**SUPPLIED DATA**
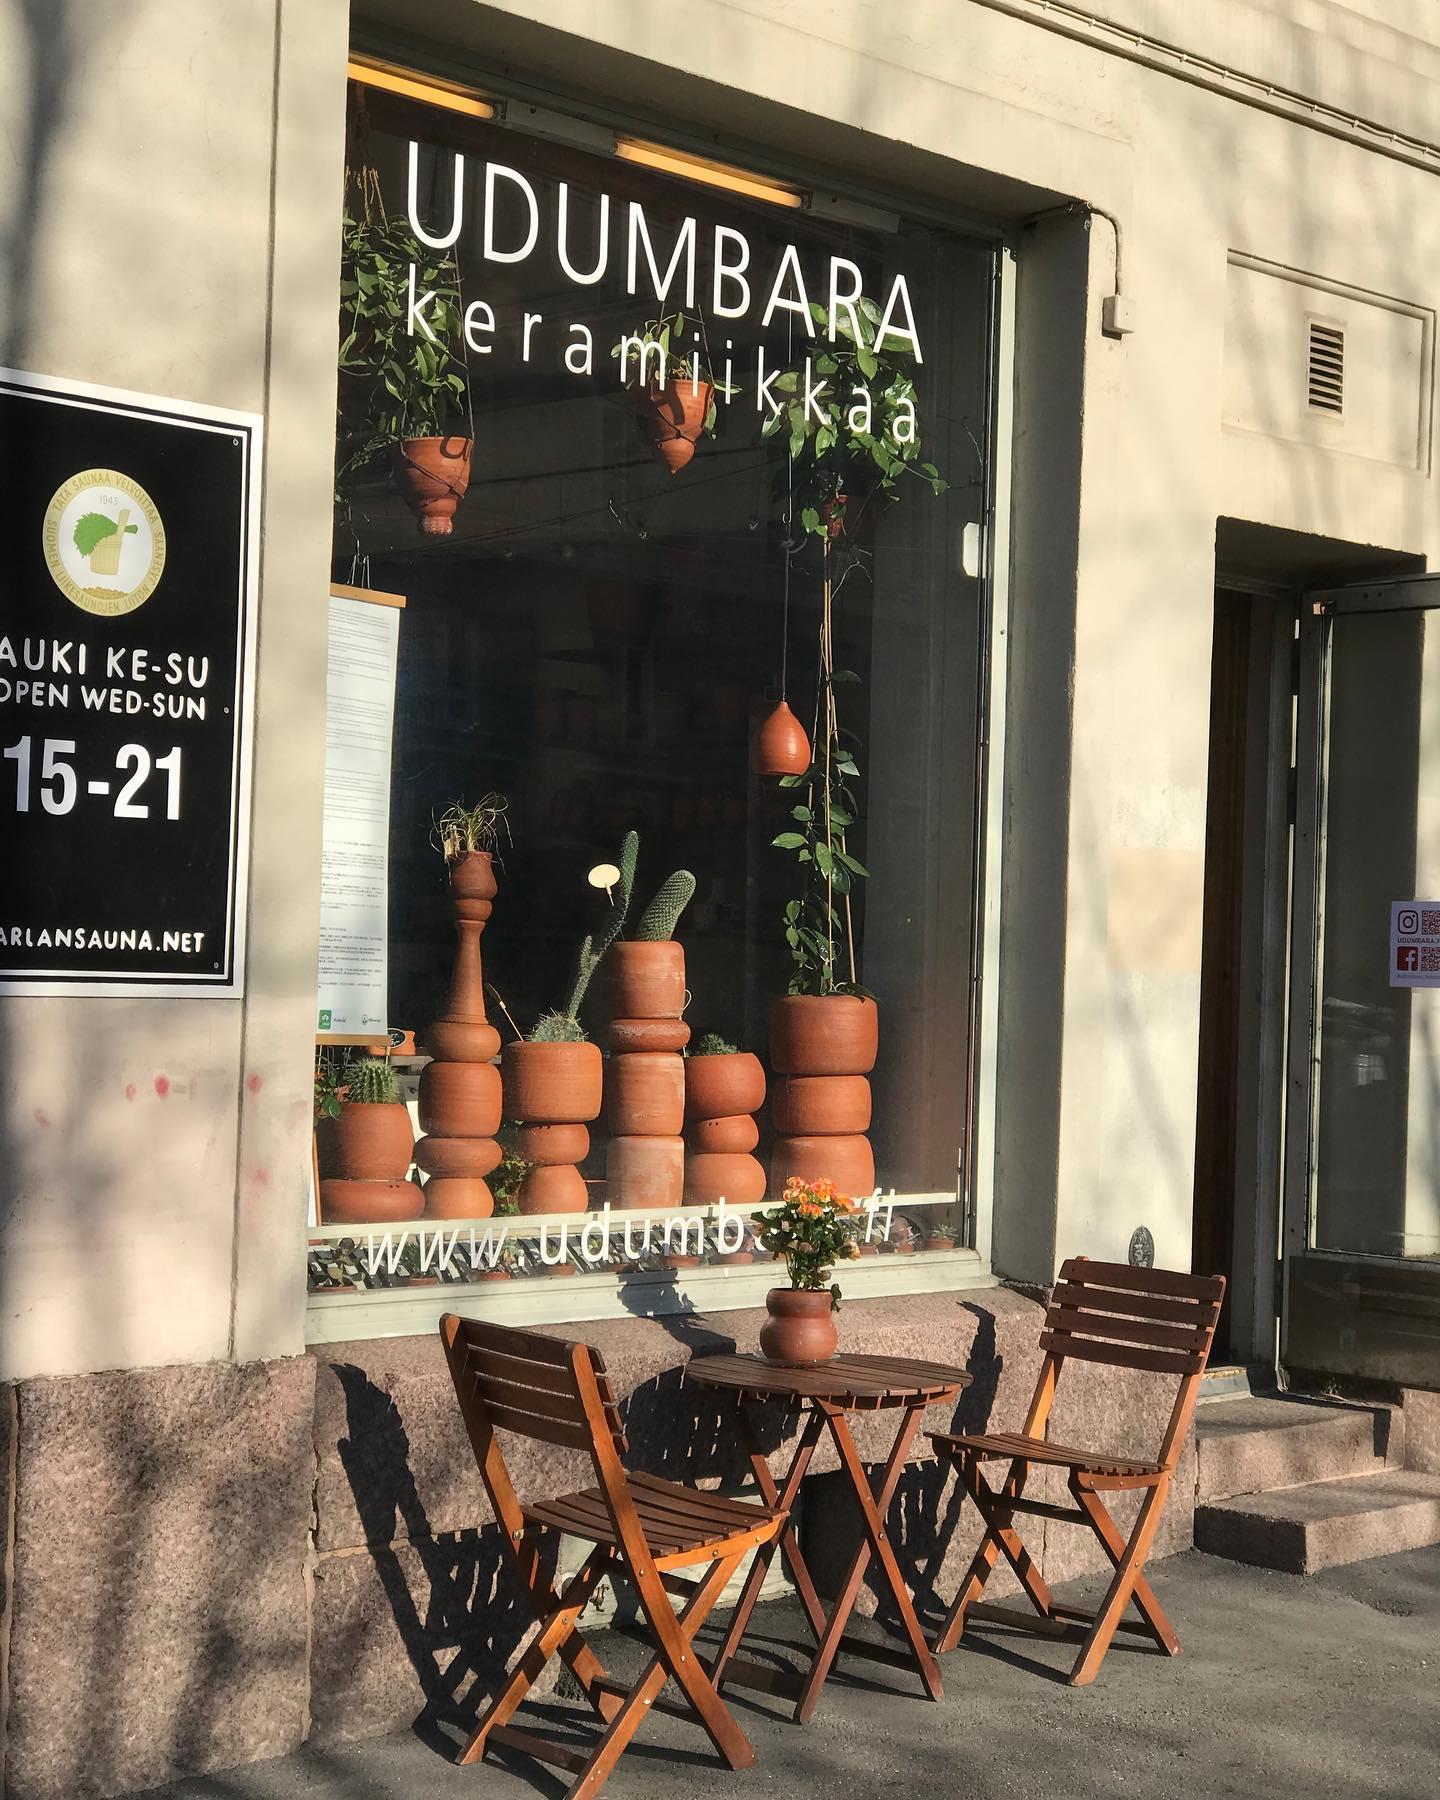 Welcome to visit Udumbara studio. Tervetuloa käymään.
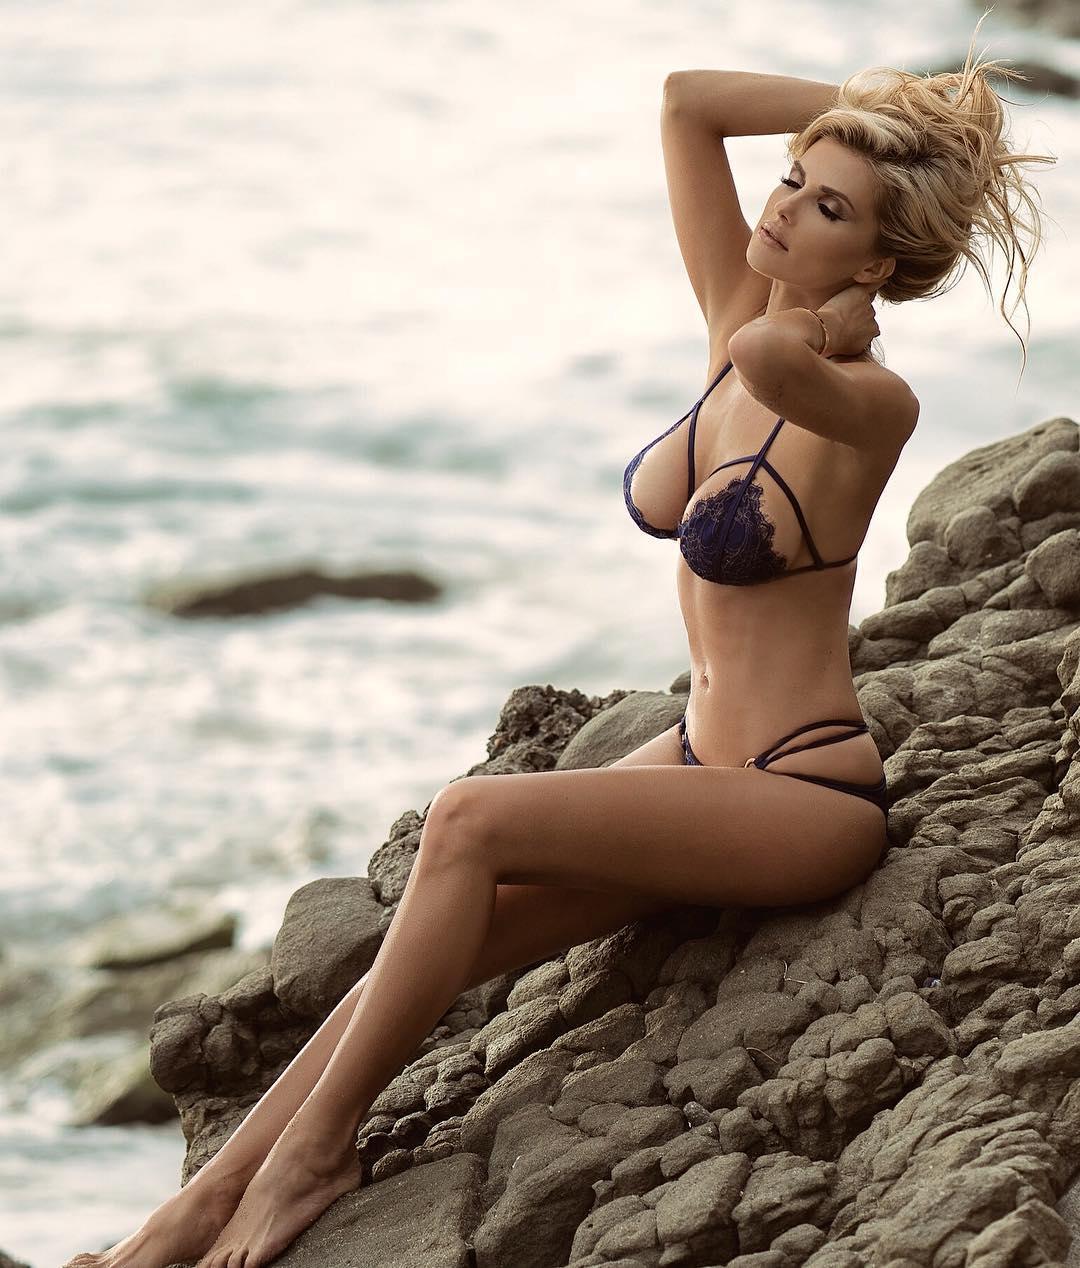 Hot naked models images
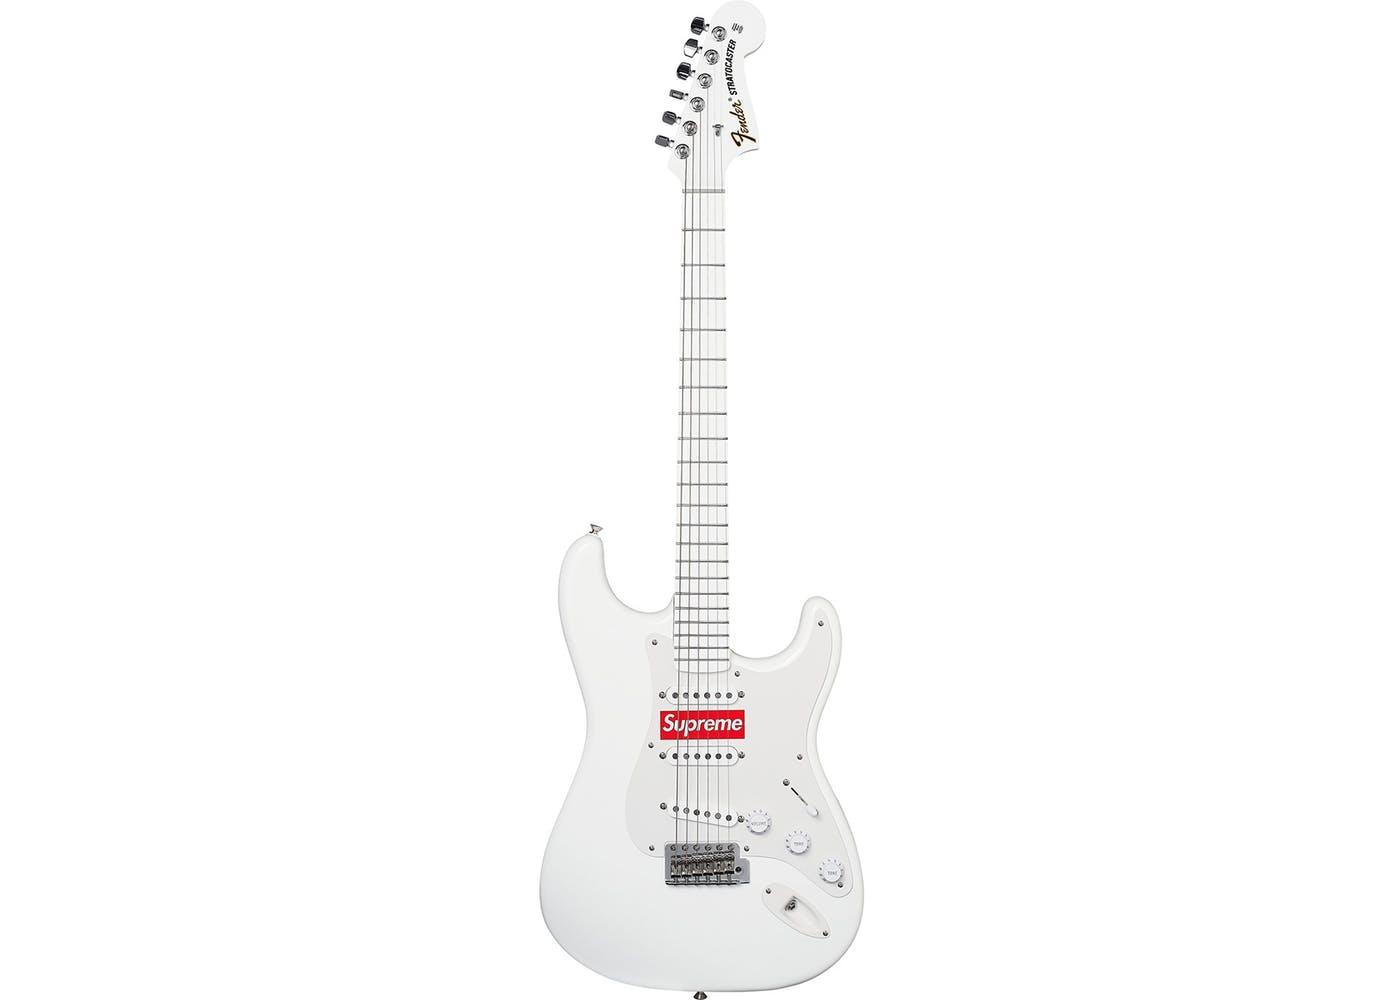 Ziemlich Fender Stratocaster Verkabelung Galerie - Die Besten ...
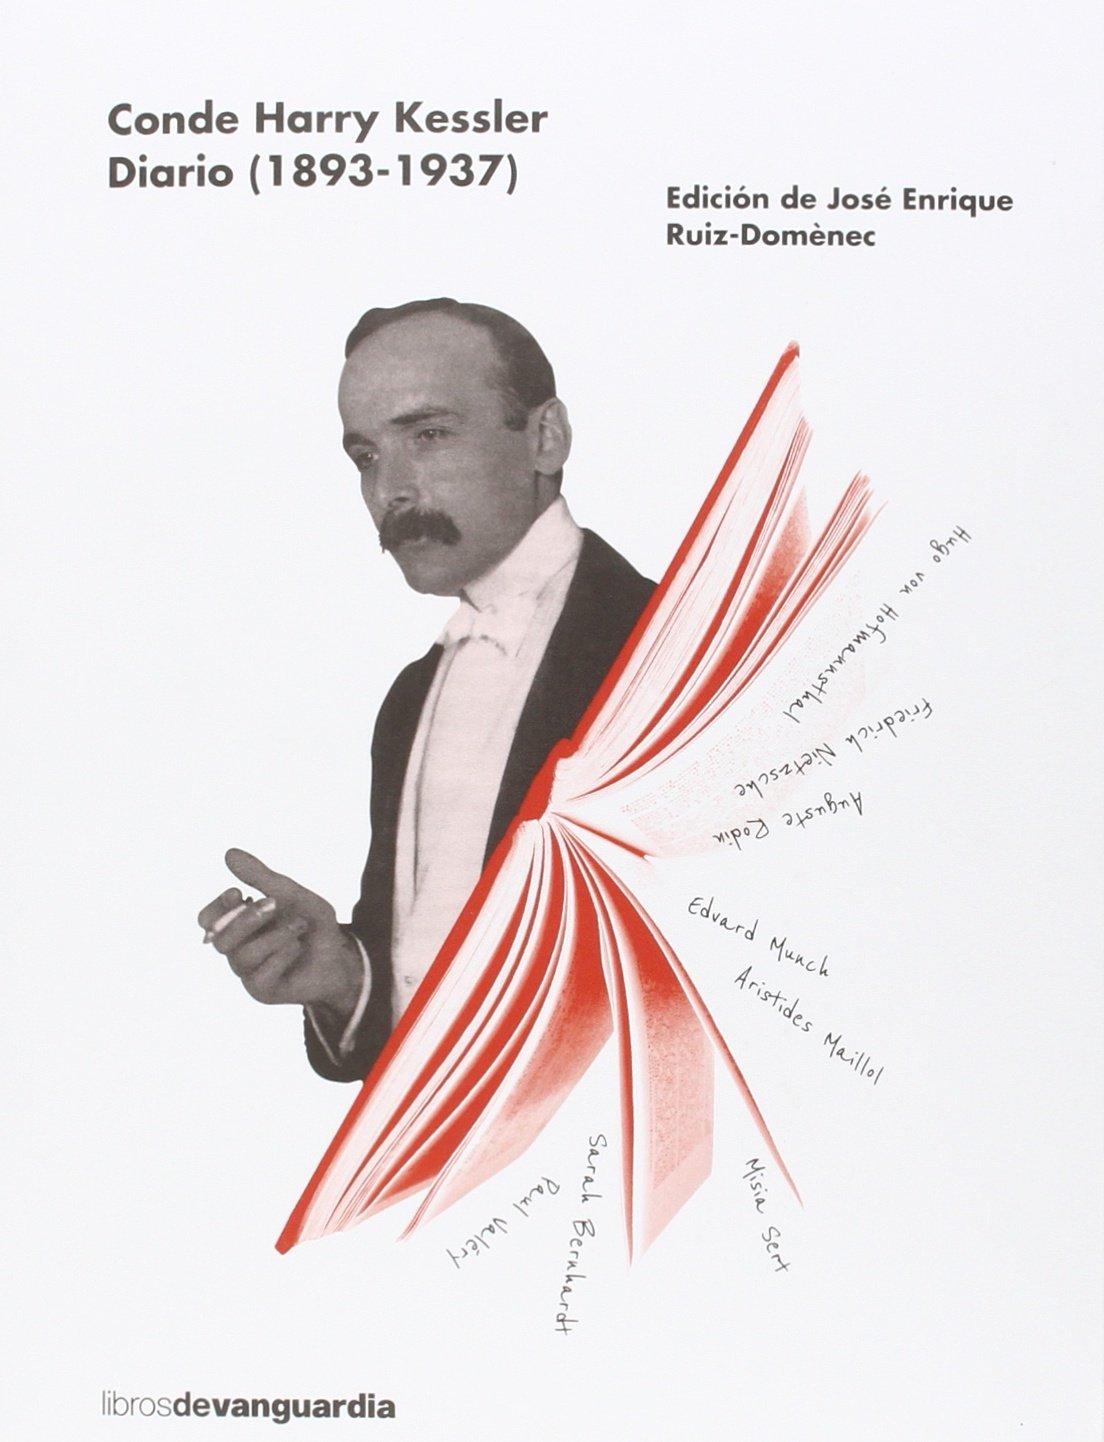 Diario 1893-1937 ISBN-13 9788416372164

**TASK BRIEF**
Leaving every image behind, repeat the data in full and exactly.

**ANSWER SECTION**
 Welcome to visit Udumbara studio. Tervetuloa käymään.
 Hot naked models images
 Ziemlich Fender Stratocaster Verkabelung Galerie - Die Besten ...
 Diario 1893-1937 ISBN-13 9788416372164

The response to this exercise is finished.